A large ammonia plant aimed at producing 500 000 t/y, whether for exports or local transformation into a variety of fertilisers, would consume about 4.8 TWh annually for producing over 88 000 t H2 and running all sub-systems. Assuming 6 000 FLH for combined solar and wind power capacities, the required deployment could be, for example, of 785 MW wind turbines and up to 785 MW solar PV plants, for 735 MW electrolysers.
Cédric Philibert, IEA, Producing ammonia and fertilizers: new opportunities from renewables, May 16 2017

Click to enlarge. Cédric Philibert, IEA, Power to Ammonia conference, Rotterdam, 19 May 2017
The benefit, as Philibert points out, of combining both wind and solar power sources, is that each balances the other, meaning that the intermittency of the renewables is no longer very intermittent – with significant consequences for ammonia production, which requires constant operation.
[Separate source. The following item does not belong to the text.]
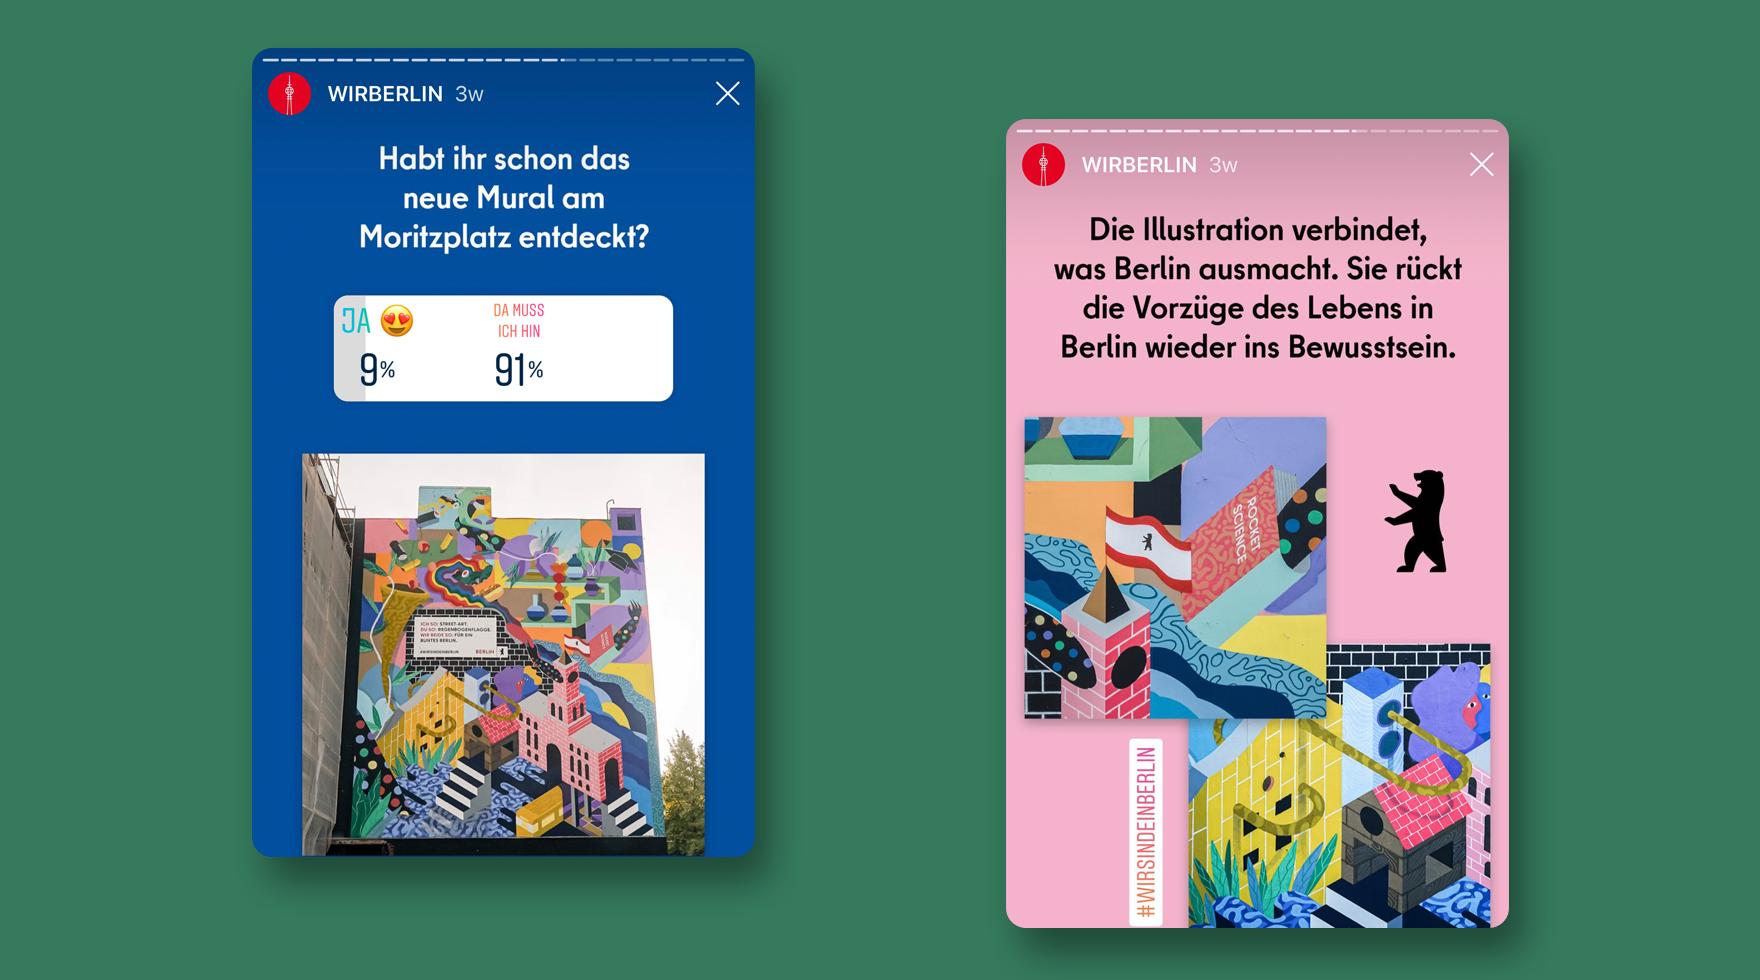 instagram-story-social-media-agentur-wir-berlin

Philibert’s Concept Note on Renewable Ammonia is available at the IEA website. The presentations from the Power to Ammonia conference in May 2017 are only available online for conference attendees at this time.


  1. Starfire Energy says:

    People with deep knowledge of the solar industry are very skeptical of the 2.4 cents per kWh solar electricity cost numbers. It should be kept in mind that it was a bid number, not an actual cost based on known operations costs. Numbers that low typically include several uncommon cost reduction mechanisms (incentives that are not commonly available) and highly optimistic forward-looking hardware prices that we know are not sustainable (PV manufacturing is in a glut right now and nearly all producers are losing money). I’m not a solar skeptic, but I am skeptical of the business viability of solar electricity prices that low.